I keep saying it, when a company gets bought out, that's usually it. In many cases, their fire ain't the same any more. Especially when they're an older company.
The cats who were working there initially get paid and dip. Now you're left with a skeleton company where all the innovation that was once there are now gone and you just got a bunch of new faces without the gift that made the company great.
You can hire a lot of new, young talent but that doesn't mean they're gifted to carry, like the people who made the magic were. A lot of young physicists are smarter and even have a higher IQ than Albert Einstein, but they ain't Albert Einstein and will never come up with anything nearly as significant of contributions. Chances are you see a lot of these people everyday on a lunch break. Every well-known big company has ultra-smart geniuses working there. Genuises aren't rare, but legends are.
The shyt these companies pulled off to go to the next level are basically a timestamp of catching lightning in a bottle at the right place, right time - simply conditions very difficult to replicate. You can't buy nor pay for that.
Even if you have a new talent they're going to have a hard time climbing the well-established hierarchy at said company and usually end up dipping to another company where they can see their contributions have more weight and less resistance.

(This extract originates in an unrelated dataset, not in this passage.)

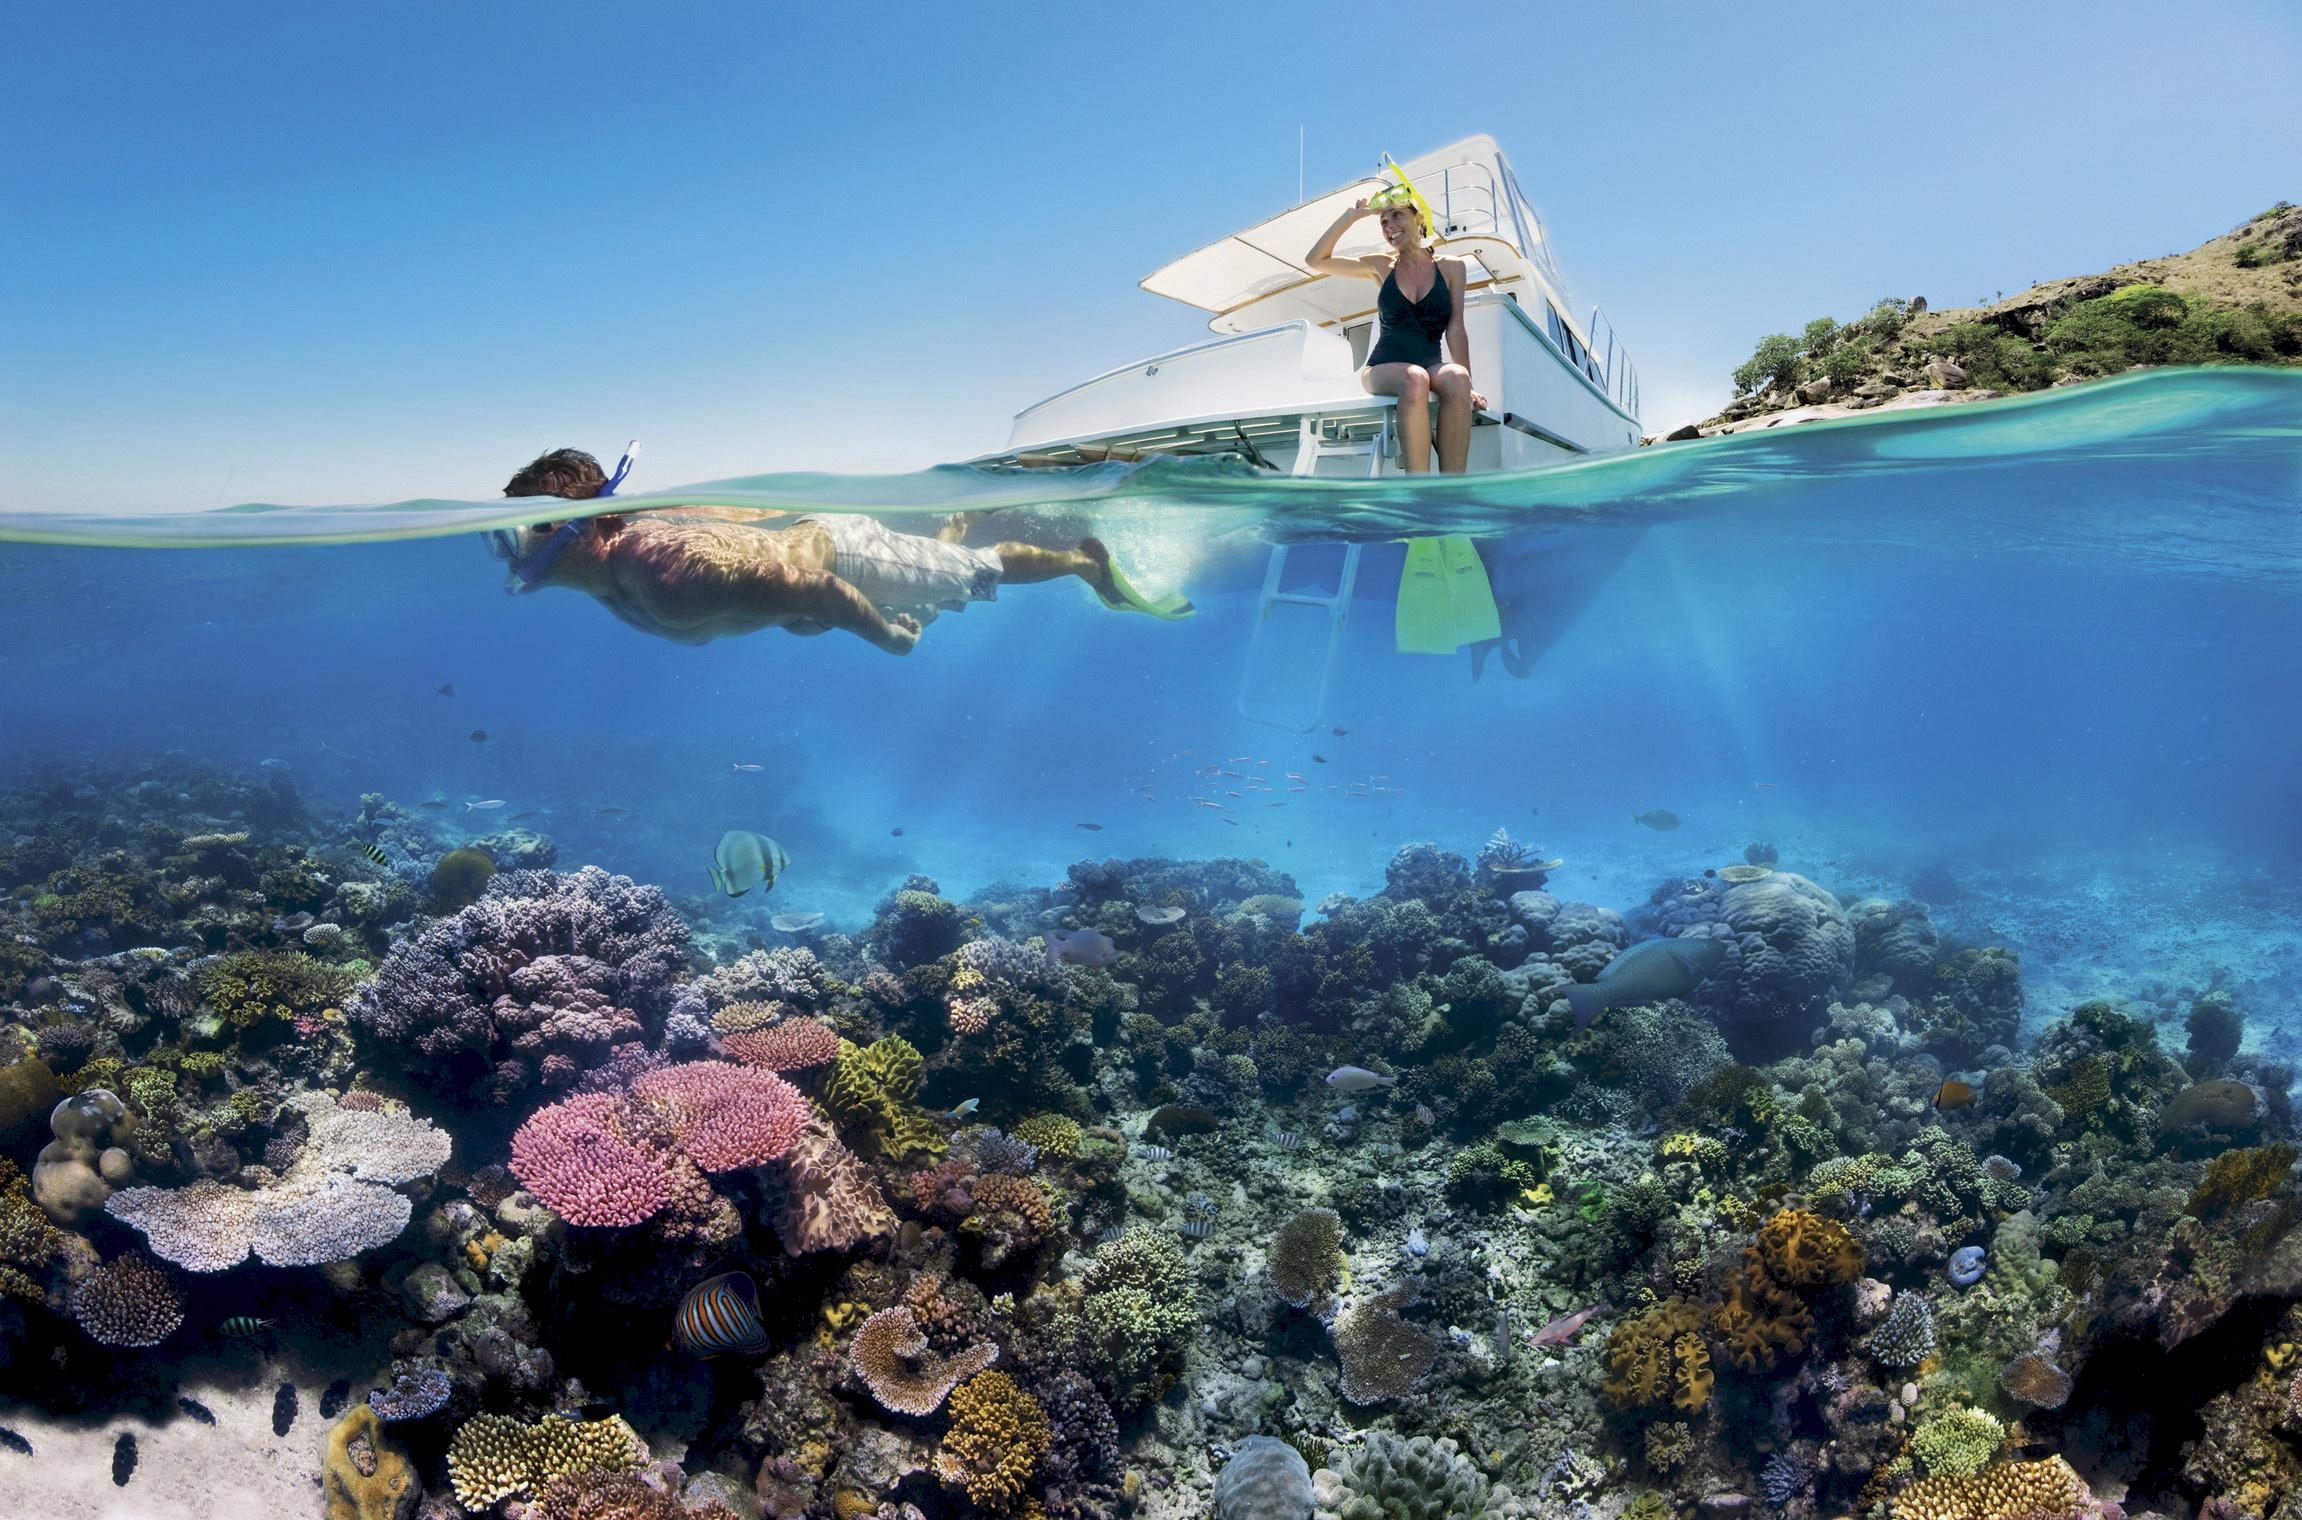 Det er lov å la seg friste av dette...                       Foto: Australiareiser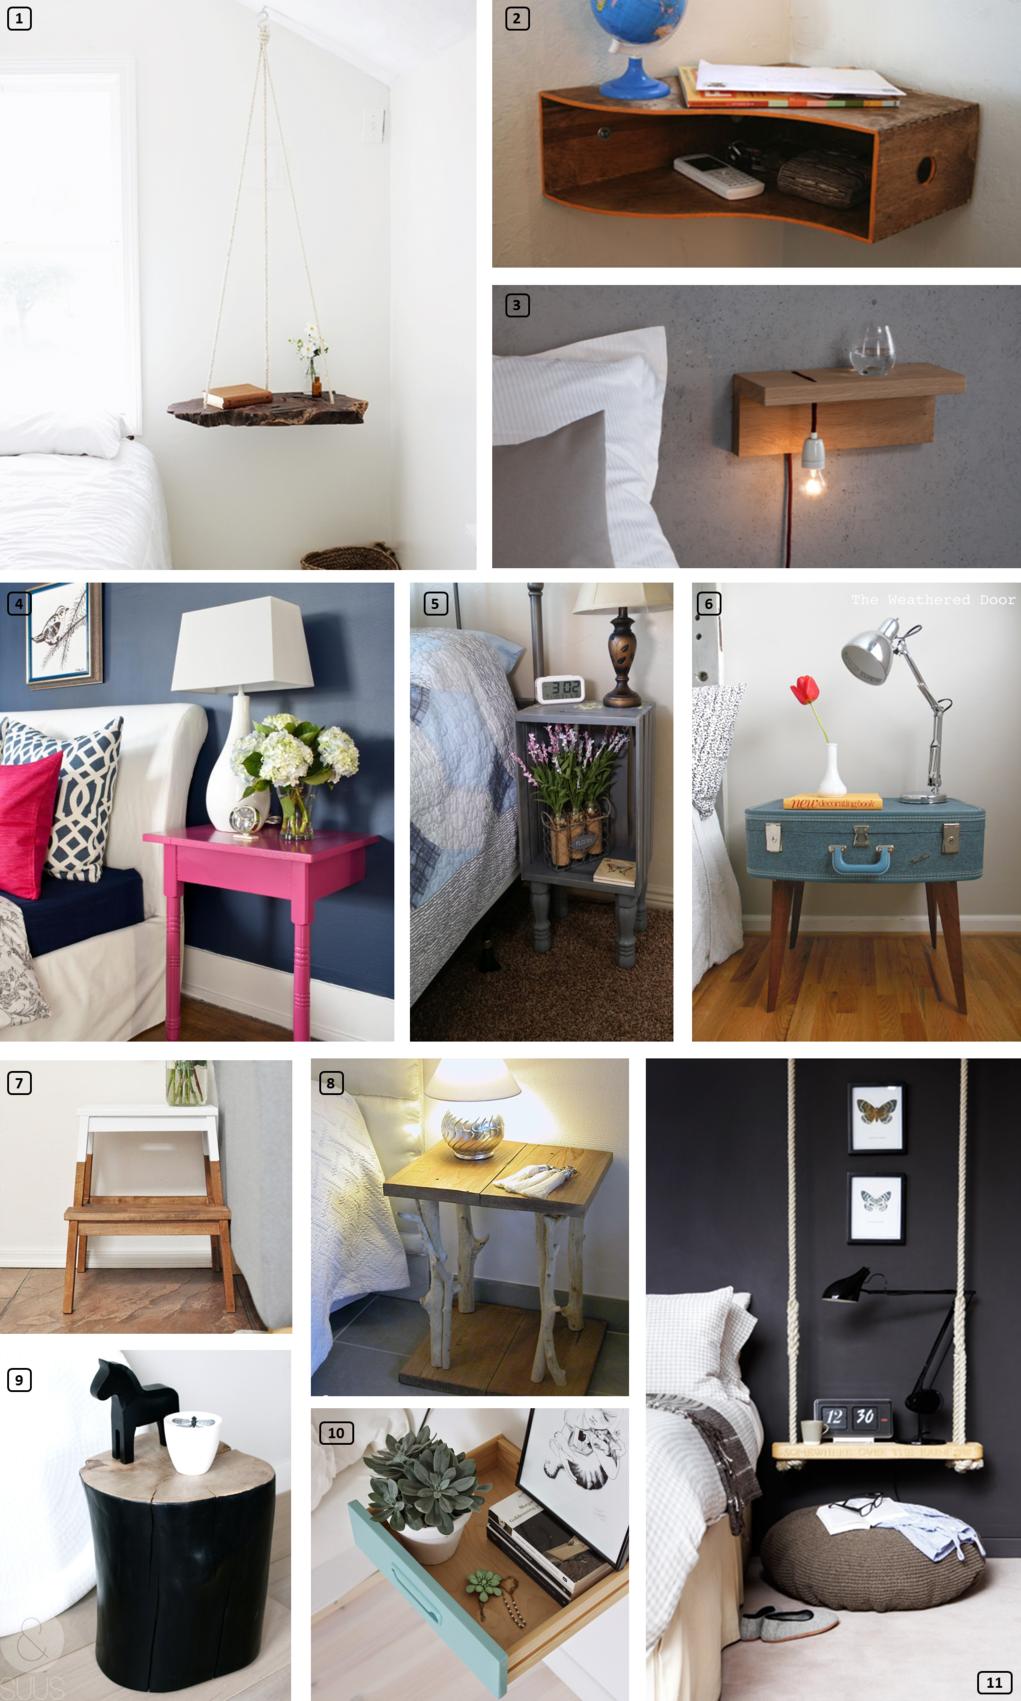 23 tables de chevet originales bnbstaging le blog. Black Bedroom Furniture Sets. Home Design Ideas

Problem and risk is, if you do believe in their talent, spend resources to back them up but are wrong - that's a large amount of time and money going to waste and you've basically pissed off the experienced older people there.
At the end of the day, these were really expensive acquisitions for Microsoft knowing the main talent of the companies are older (and some central to their prime like John Carmack and Zenimax were long gone) and times aren't the same.